To maintain data durability, just before commit, we choose between an
fsync of the relfilenode and copying its contents to WAL.  A new GUC,
wal_skip_threshold, guides that choice.  If this change slows a workload
that creates small, permanent relfilenodes under wal_level=minimal, try
adjusting wal_skip_threshold.  Users setting a timeout on COMMIT may
need to adjust that timeout, and log_min_duration_statement analysis
will reflect time consumption moving to COMMIT from commands like COPY.

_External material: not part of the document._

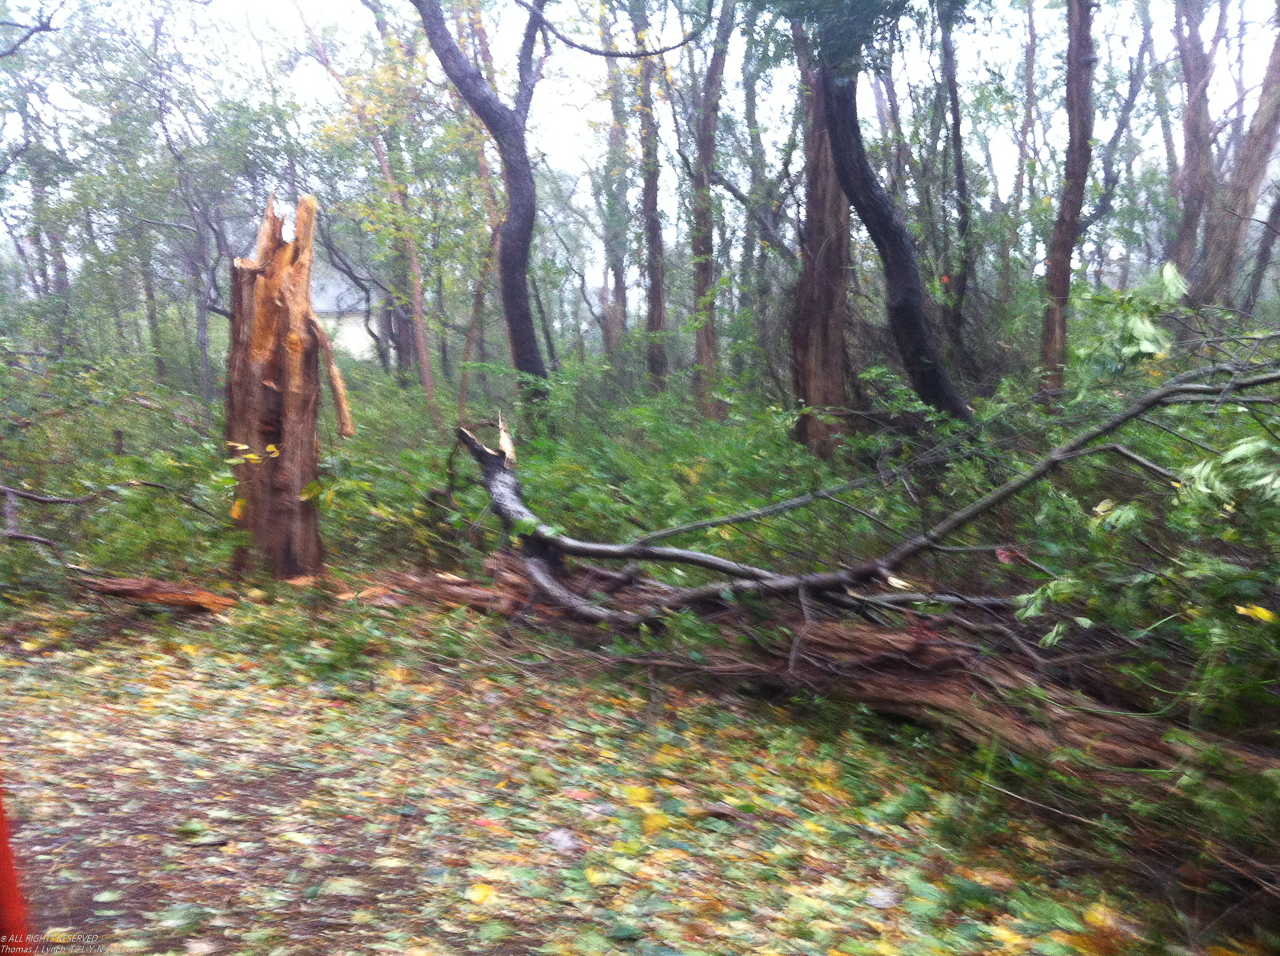 Hurricane Sandy come to town Nov 2012  ~~  Tree #2: next to my barn but fell back to the town's easment mainly.

Internally, this requires a reliable determination of whether
RollbackAndReleaseCurrentSubTransaction() would unlink a relation's
current relfilenode.  Introduce rd_firstRelfilenodeSubid.  Amend the
specification of rd_createSubid such that the field is zero when a new
rel has an old rd_node.  Make relcache.c retain entries for certain
dropped relations until end of transaction.

Back-patch to 9.5 (all supported versions).  This introduces a new WAL
record type, XLOG_GIST_ASSIGN_LSN, without bumping XLOG_PAGE_MAGIC.  As
always, update standby systems before master systems.  This changes
sizeof(RelationData) and sizeof(IndexStmt), breaking binary
compatibility for affected extensions.  (The most recent commit to
affect the same class of extensions was
089e4d405d0f3b94c74a2c6a54357a84a681754b.)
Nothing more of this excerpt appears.